Nitrophenyl pentadienal
- Names: Preferred IUPAC name (2E,4E)-5-(4-Nitrophenyl)penta-2,4-dienal

Identifiers
- CAS Number: 49678-09-3; 2608-48-2 (non-specific);
- 3D model (JSmol): Interactive image;
- ChemSpider: 4757534;
- PubChem CID: 5940153;
- UNII: DY58Y5T5YN;
- CompTox Dashboard (EPA): DTXSID6025773 ;

Properties
- Chemical formula: C_{11}H_{9}NO_{3}
- Molar mass: 203.197 g·mol^{−1}

= Nitrophenyl pentadienal =

Nitrophenyl pentadienal, nitrophenylpentadienal, NPPD, or METKA (Russian for "mark") colloquially known as "spy dust", is a chemical compound used as a tagging agent by the KGB during the Cold War Soviet Era. Soviet authorities in Moscow tracked Americans by applying an almost invisible powder to their clothing, cars, doorknobs and other objects.
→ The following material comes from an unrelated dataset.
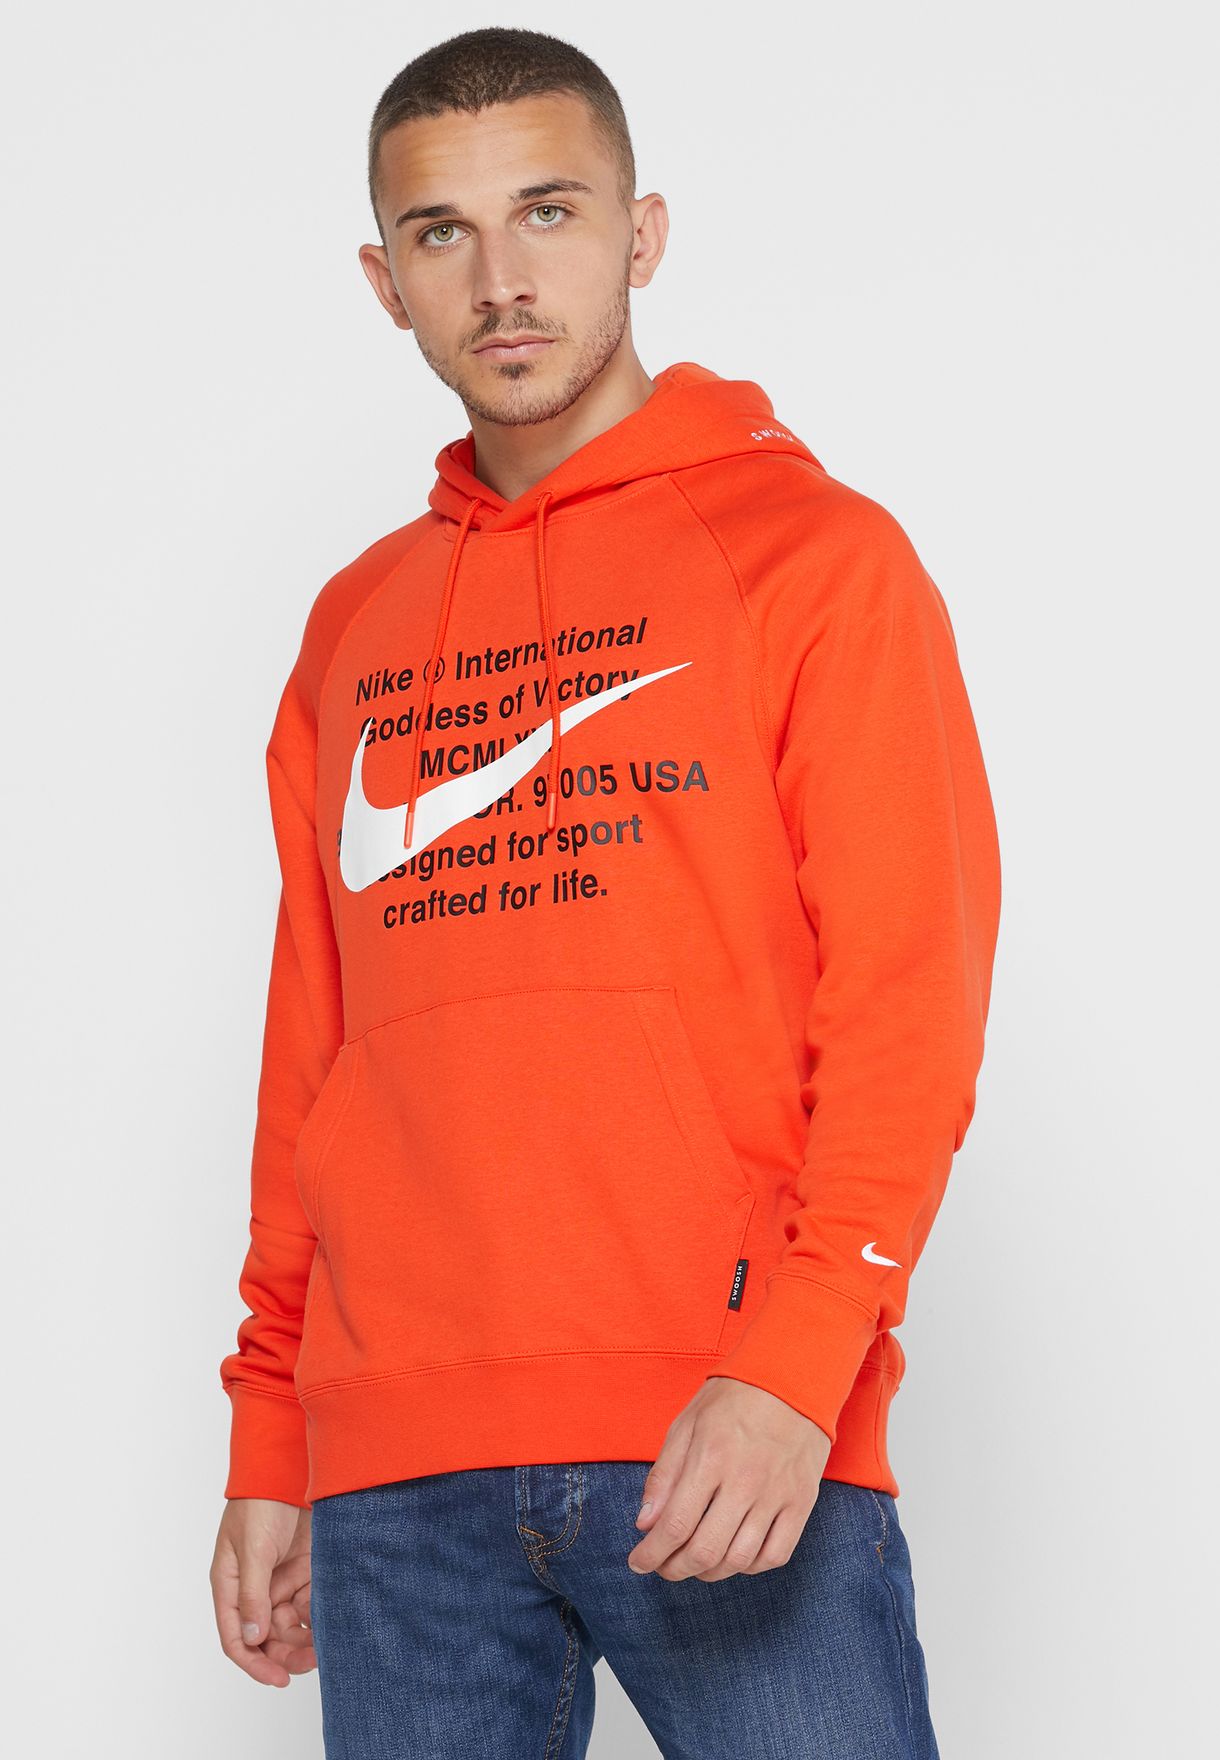 nike orange hoodie

Some other variants of "spy dust" may have contained luminol and would glow under ultraviolet light.

==History==
Spy dust was first discovered in England in the 1930s.

It was first revealed to the Central Intelligence Agency in Moscow in 1963 by Alexander Chrepanov, a KGB walk-in agent.

Spy dust was detected in the Soviet Union in 1970s in tiny quantities.

In 1984, KGB officer Sergei Votontsov (Code name GT/COWL) provided a sample of the substance.

Soviet defector Vitaly Yurchenko confirmed the chemical.

In the summer of 1985 the powder began to appear in Moscow in much larger quantities. Concerned about the health effects of the substance, the United States State Department publicly protested to the Soviets. It was later determined that the health threat was low.

Beginning about 2005-2015, a chemical tracking kit for law enforcement agencies was developed using NPPD. To detect NPPD a 0.1% methanol solution of naphthoresorcinol is added to a swab of the item in question and then concentrated hydrochloric acid is added. The observation of a red color indicates a positive test. Naphthoresorcinol was frequently used in early organic chemistry investigations to determine the presence of aldehyde groups in solution; a red adduct is formed in acidic solution.